Set yourself up for success is a phrase you will hear me say a lot. It means that you are focused on your goals and you will not let anything stand in the way of achieving them.
We all know what our downfalls are, especially when it comes to health. And we can either spend our time dealing with the inevitable result of falling into those pitfalls, or we can plan for them and side step them. Planning for them is an example of setting yourself up for success.
Here are a couple of examples of setting yourself up for success –
I can’t lose weight because I eat out a lot. Eating out can definitely pack on the pounds. The food we get out is often double the portion size and contains copious amounts of fat, salt and sugar. But you can lose weight and eat out and here’s how –
• Don’t look at the menu. Looking at the menu, reading the descriptions, looking at the pictures is just going to throw you off your path. Decide what you are going to eat before you go in – hint: it should include lots of vegetables and a healthy protein, maybe a complex carbohydrate like a grain or bean. Even unhealthy restaurants can steam some vegetables and grill some chicken.
• Pack up some of the food before you start eating. Portions are generally so large these days that you can bet you are getting almost double what you should eat in one meal. So before you start eating, divide your food in half and ask the waiter to bag up half of it. Take it home and you have lunch or dinner for the next day!

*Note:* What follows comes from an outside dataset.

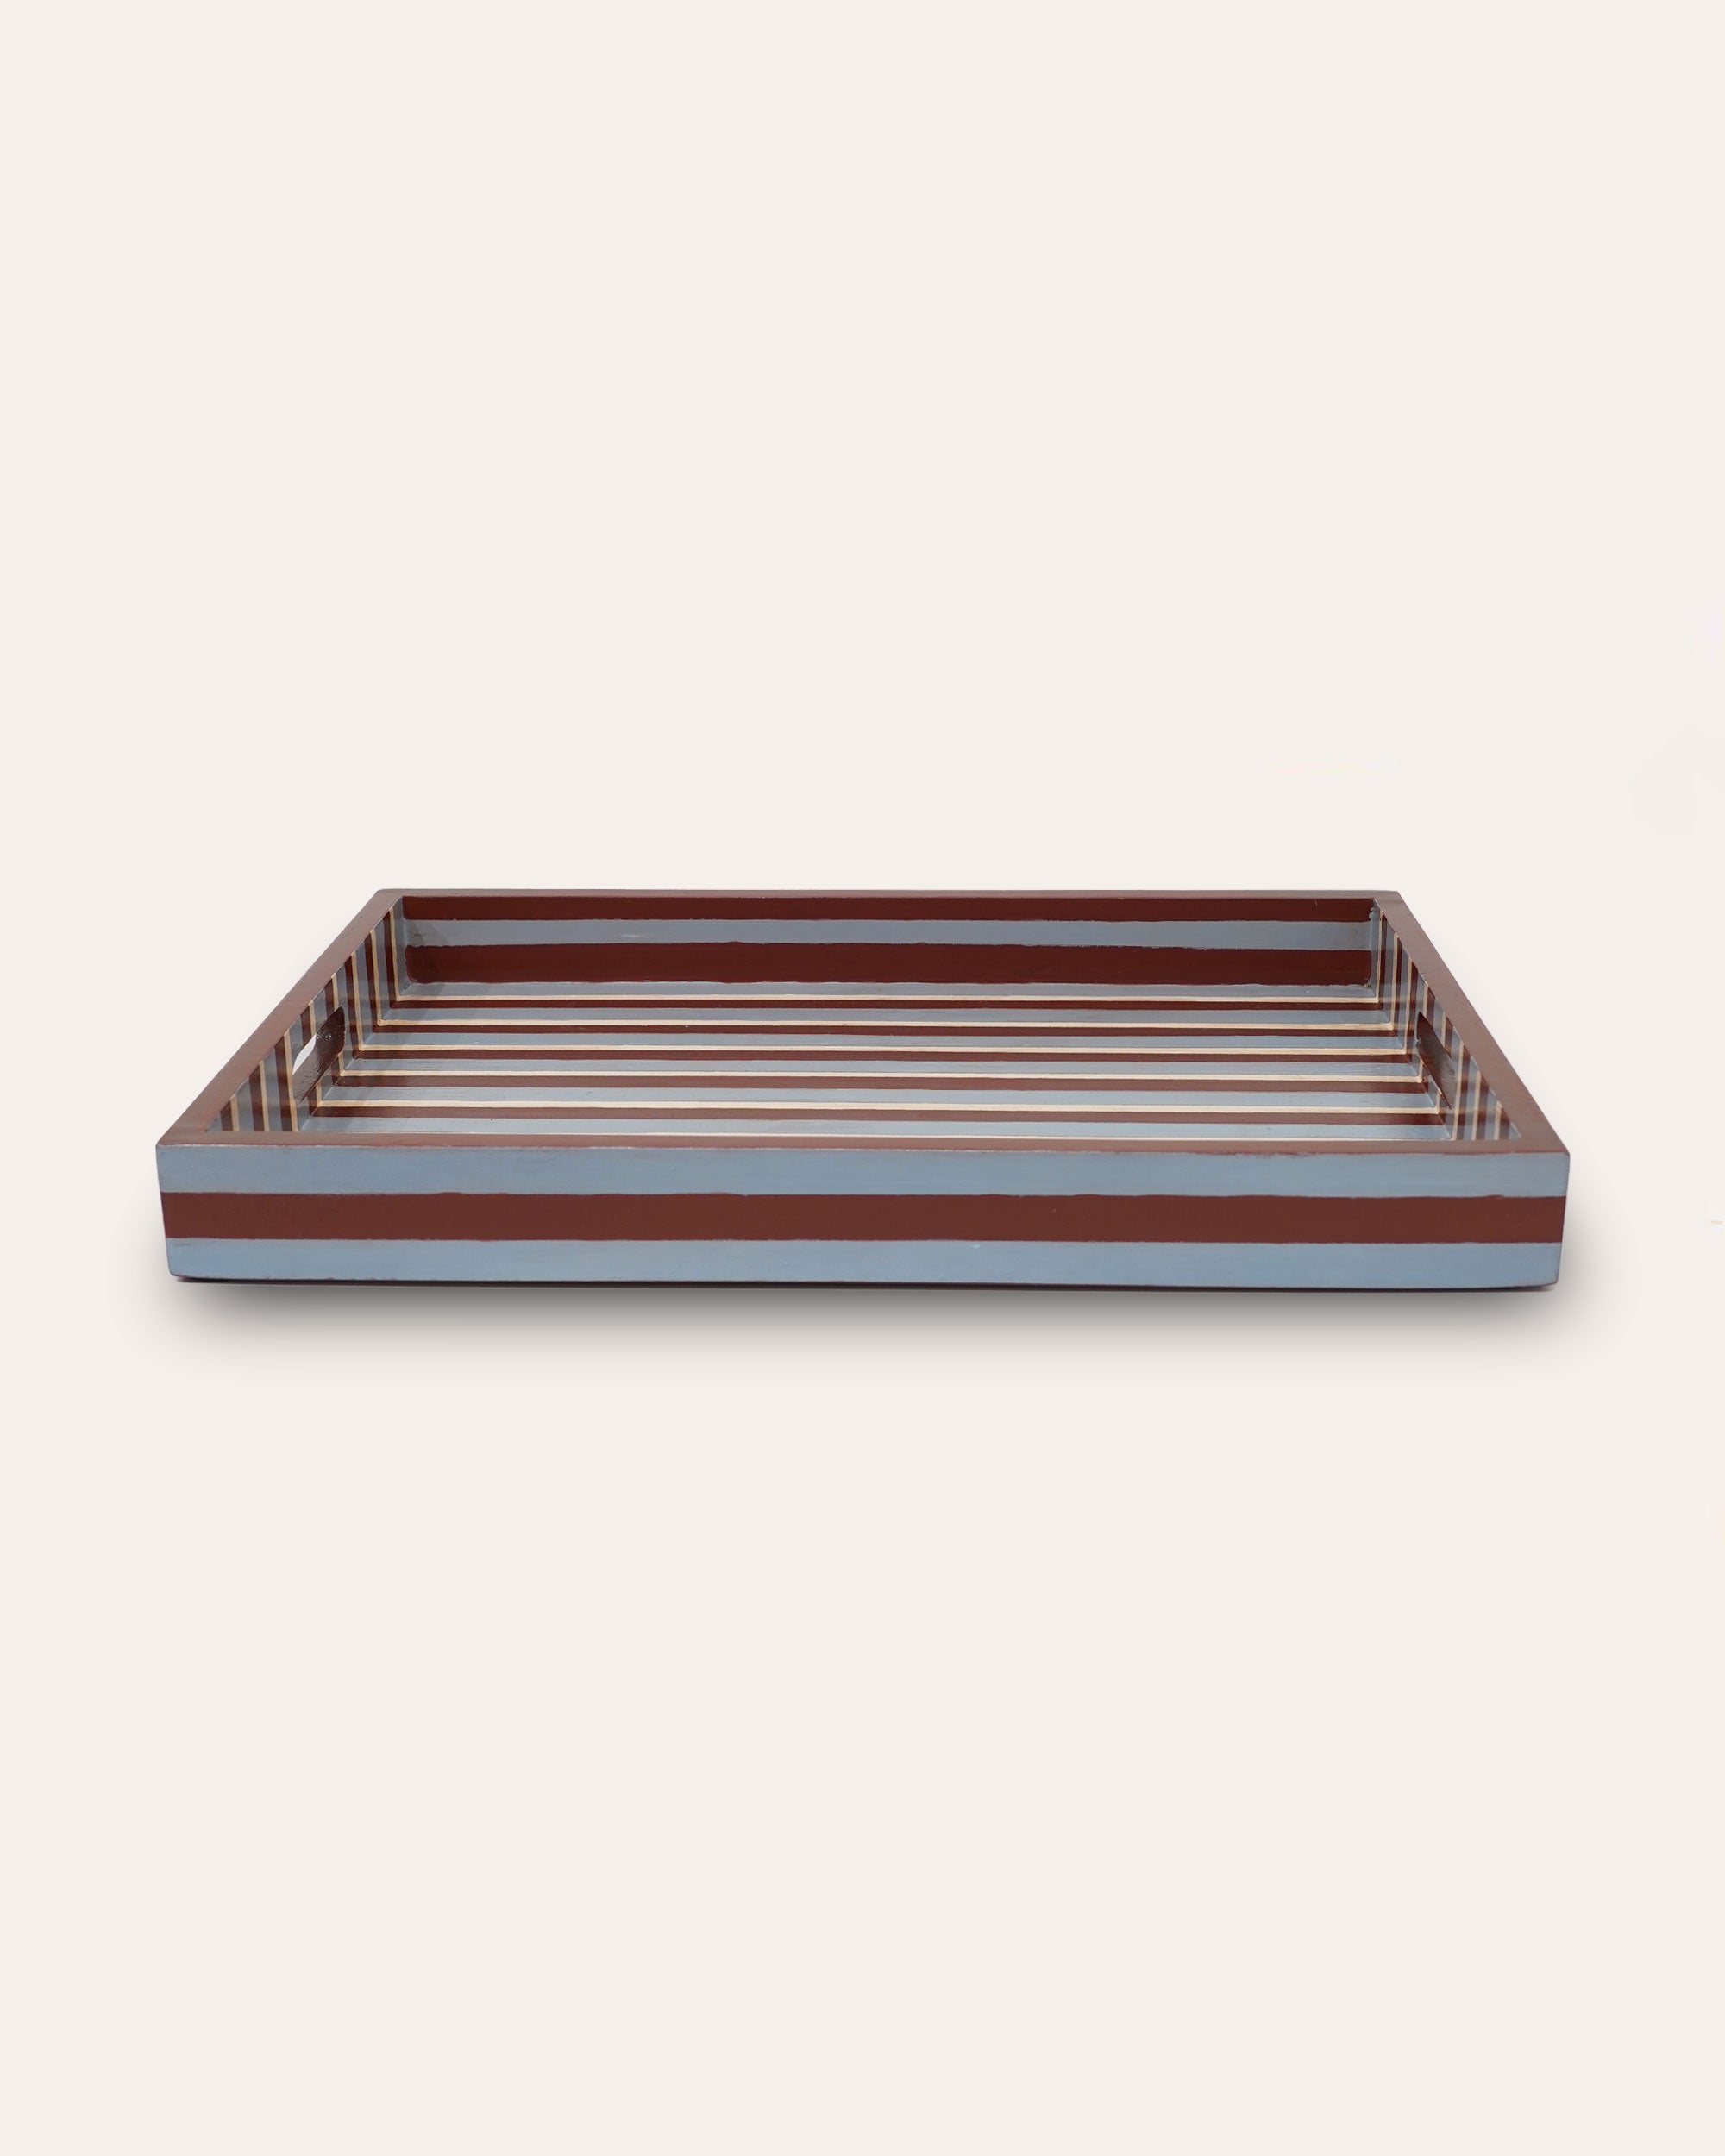 The Chic Stripey Tray - Large

• Put your fork down between bites. It is easy to rush through a meal and overeat when you are out. So every time you take a bite, put your fork down and take your time chewing. When you finish with you bite, pick up your fork and take another bite. Breathe and enjoy the company!
I can’t cook because I don’t have time. The weekdays/workdays can be busy and stressful. No one feels like cooking a big meal when they get home. But this doesn’t mean you should give up on the idea of cooking. You can plan ahead so that dinner is done each night with minimal prep and on the table in 5 minutes. Here’s how –
• Plan your meals in advance. Pick an evening and plan what you will be eating each night for dinner.

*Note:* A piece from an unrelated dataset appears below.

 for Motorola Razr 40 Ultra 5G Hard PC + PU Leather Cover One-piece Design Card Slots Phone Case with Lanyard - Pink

• Have a prep day. Find one day in your week where you can spend an hour at the store and an hour at home prepping. Clean and cut all the veggies you will use for dinners. Make some grains for the week, like brown rice or quinoa. Grill up a bunch of chicken or veggie burgers that you can use throughout the week. Etc. The idea is to do as much of the prep as you can on this day so that all you have to do is the finishing touches when you get home from work.
• Consider casseroles and slow cookers. These can be amazing! Casseroles can be made in advance and heated up throughout the week for dinners and lunches. Slow cookers are super easy because you can throw all the ingredients in before you leave for work, come home and dinner is ready.
What are your biggest pitfalls when it comes to health? How can you set yourself up for success?